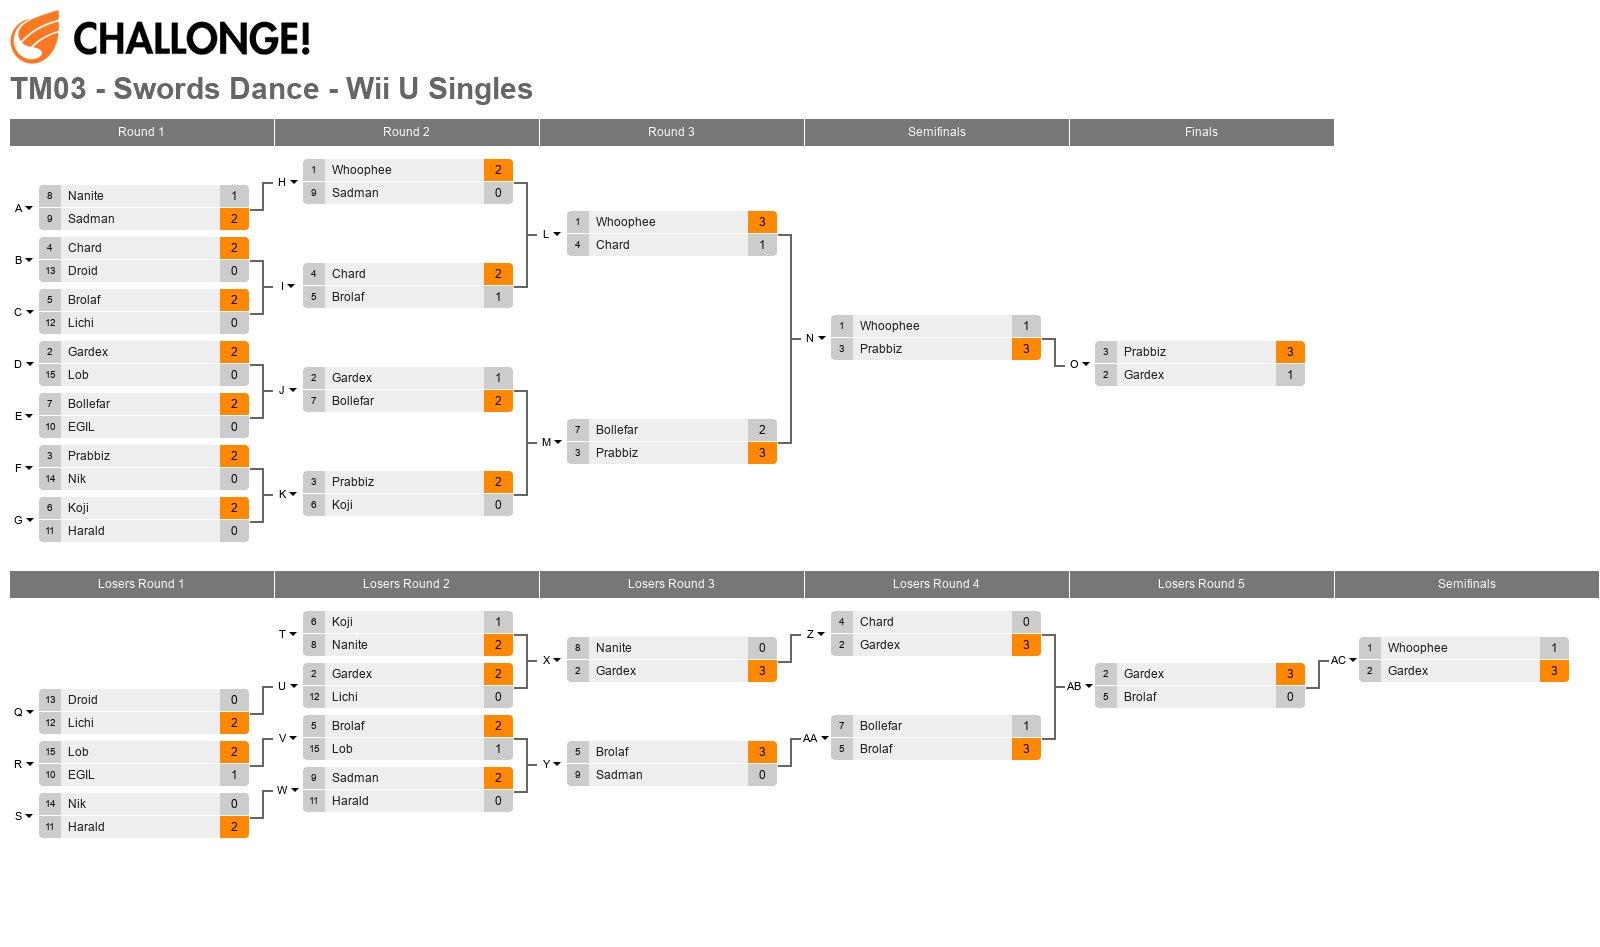 TM03 - Swords Dance - Wii U Singles
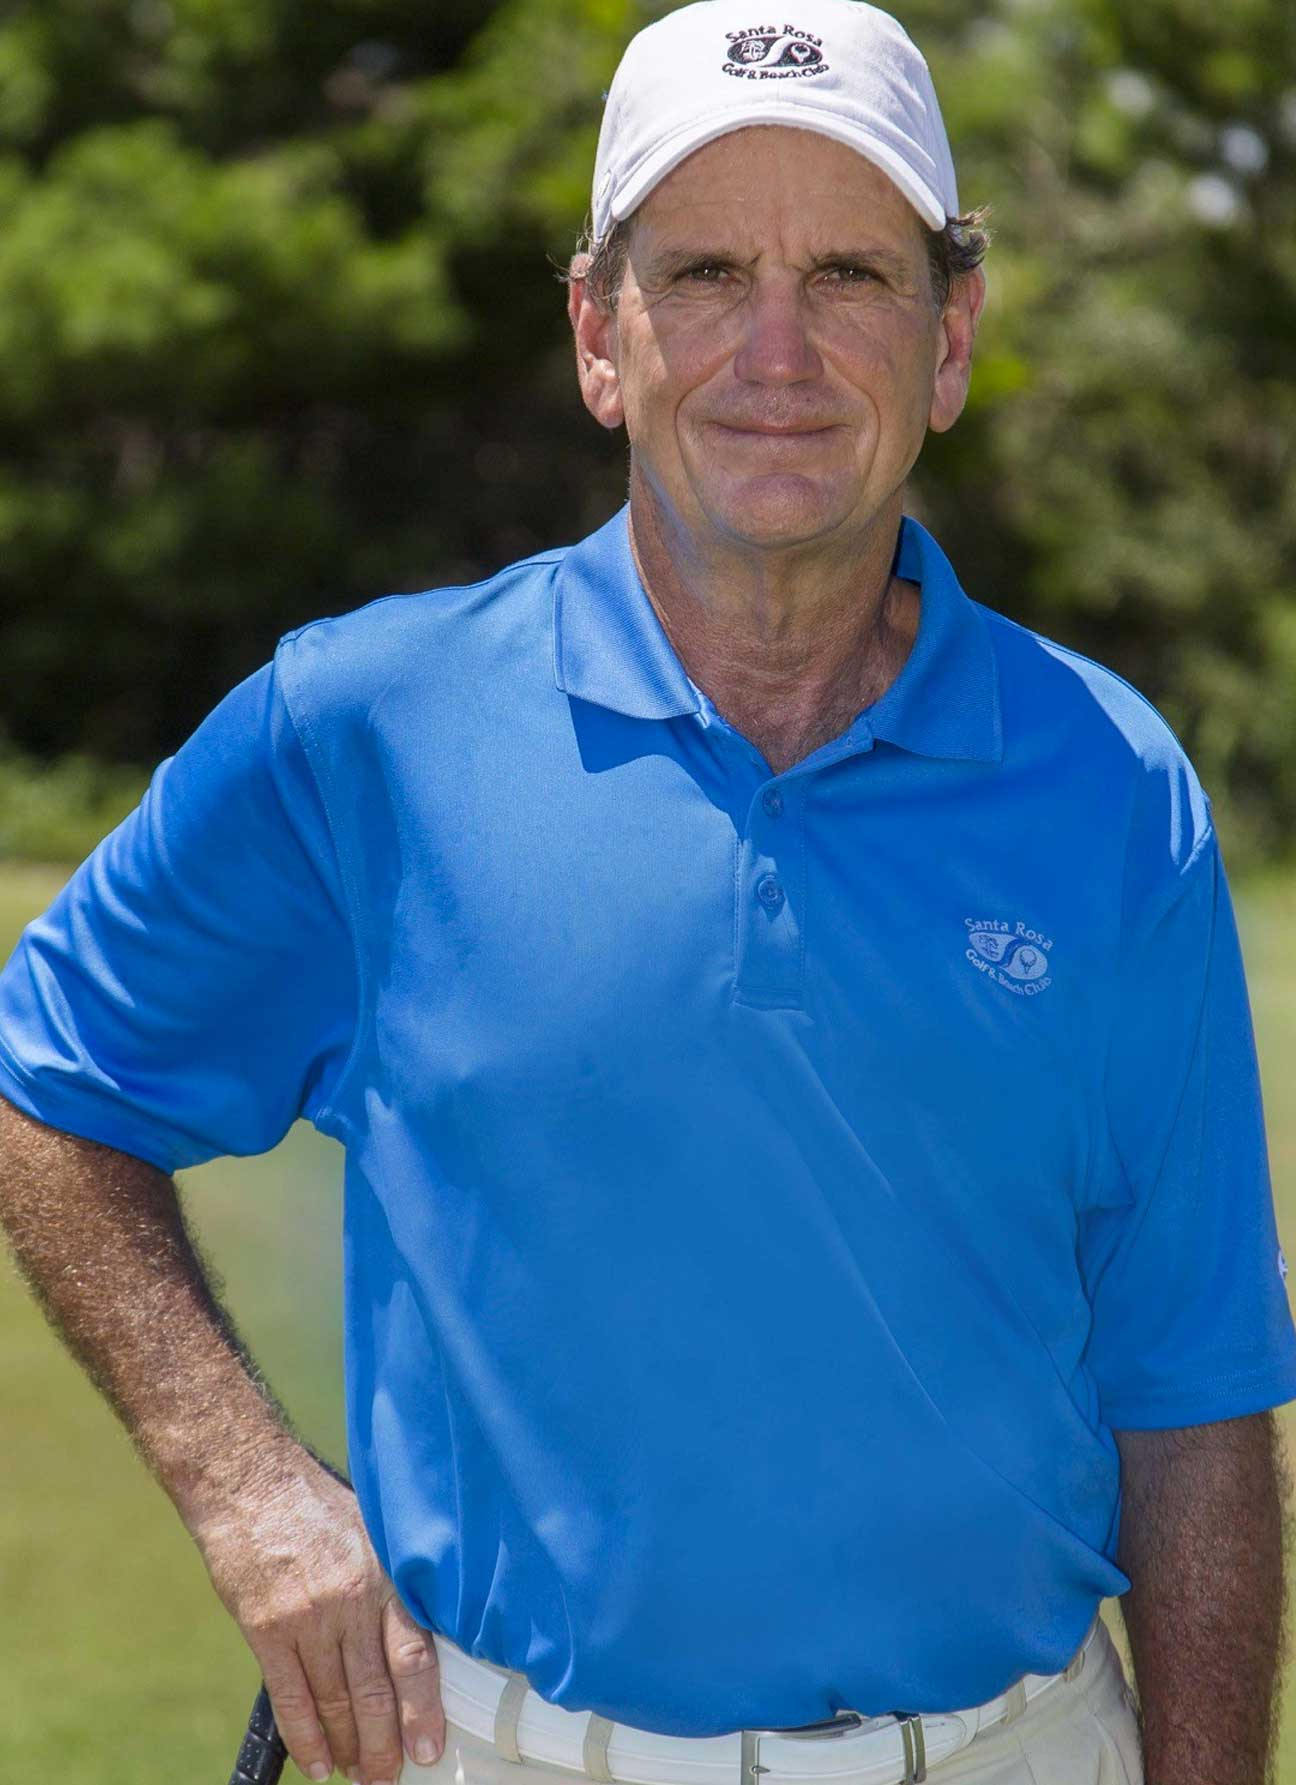 Carter Murchison
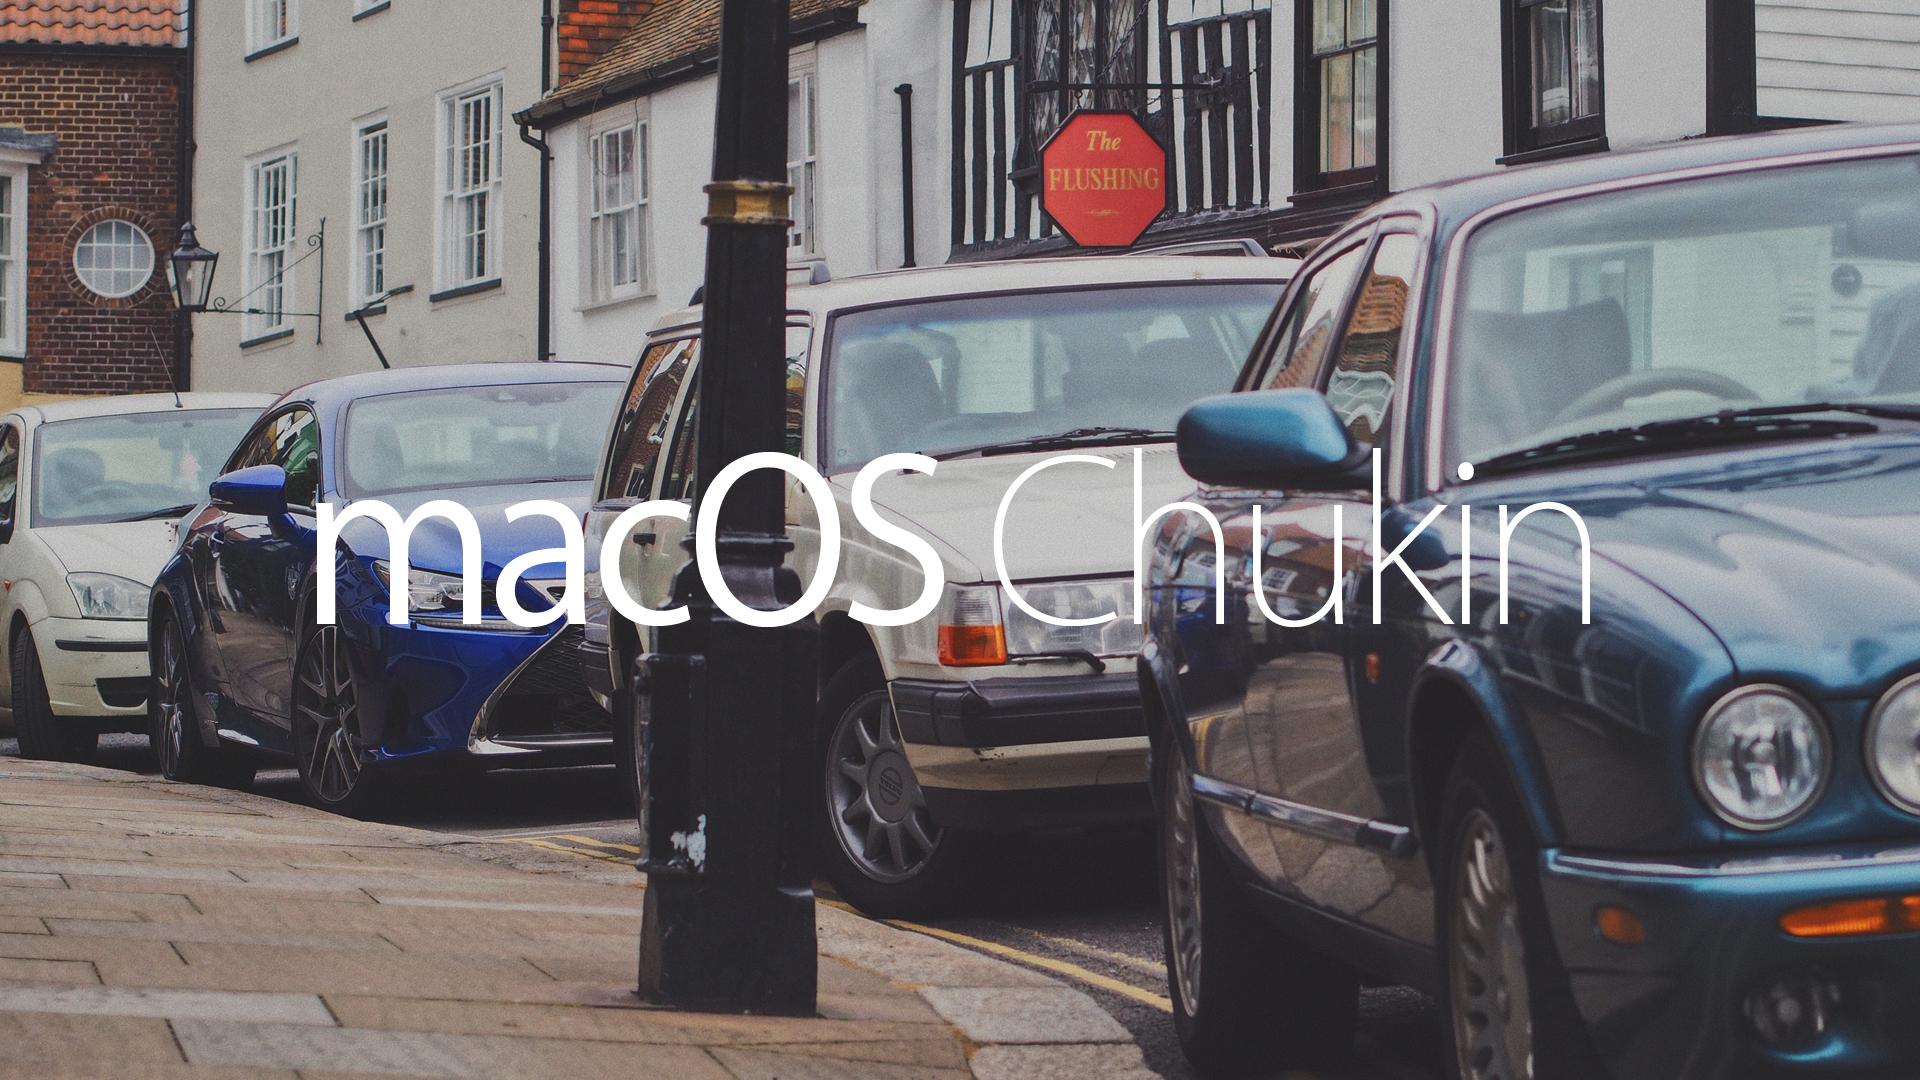 Mac OS chukin
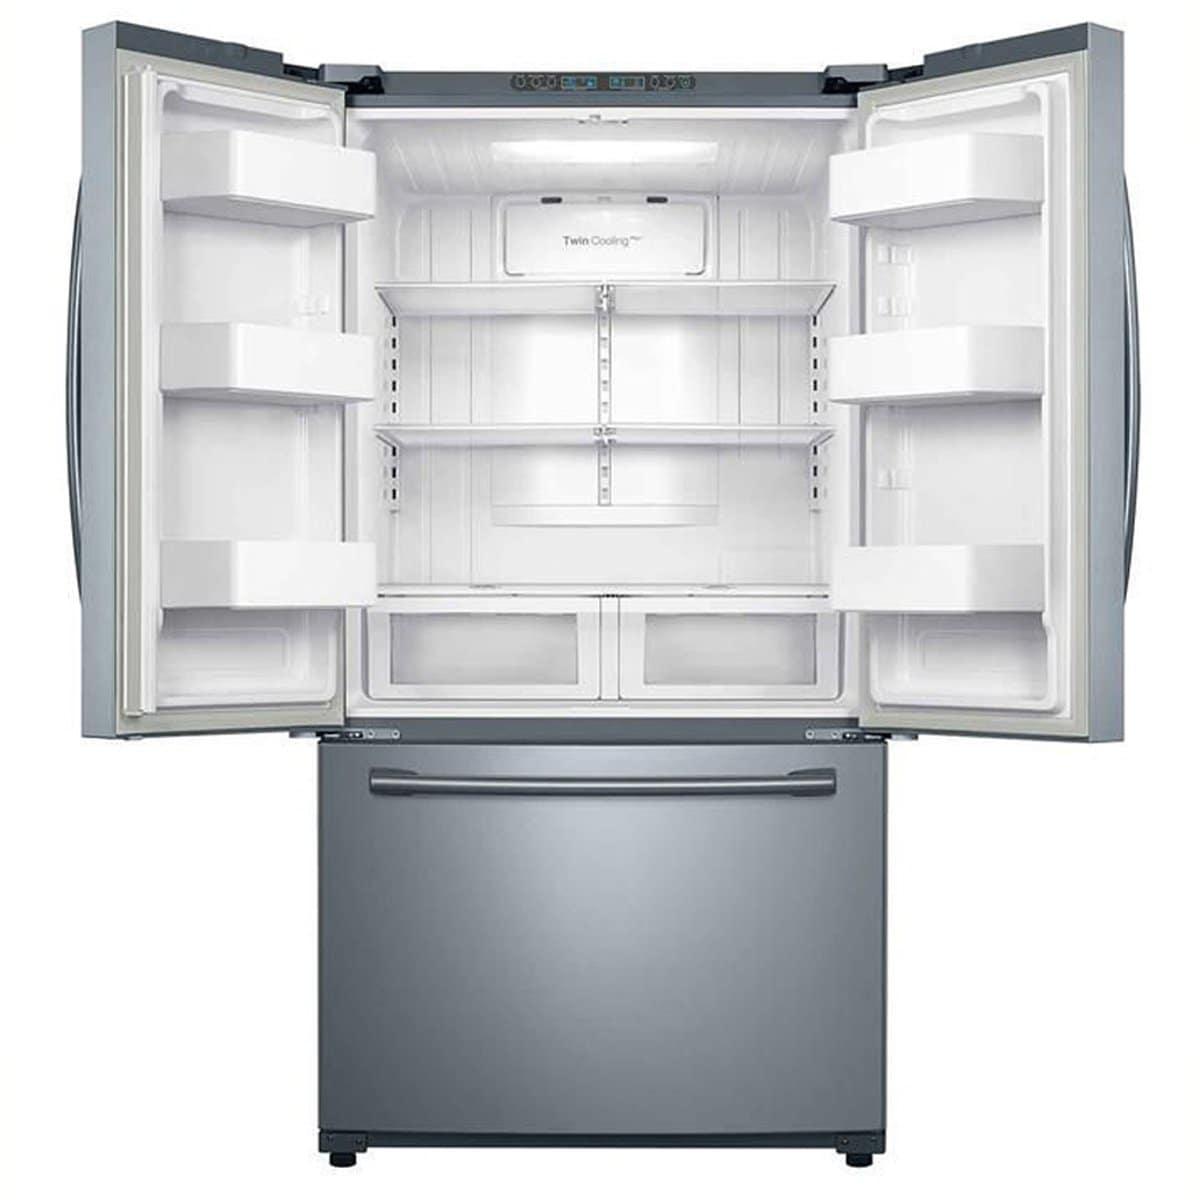 Refrigerador Samsung French Door 26 Pies

* * *

:: What is expected ::
Quote the data above in full, leaving out the pictures it holds.

:: Solution ::
 TM03 - Swords Dance - Wii U Singles
 Carter Murchison
 Mac OS chukin
 Refrigerador Samsung French Door 26 Pies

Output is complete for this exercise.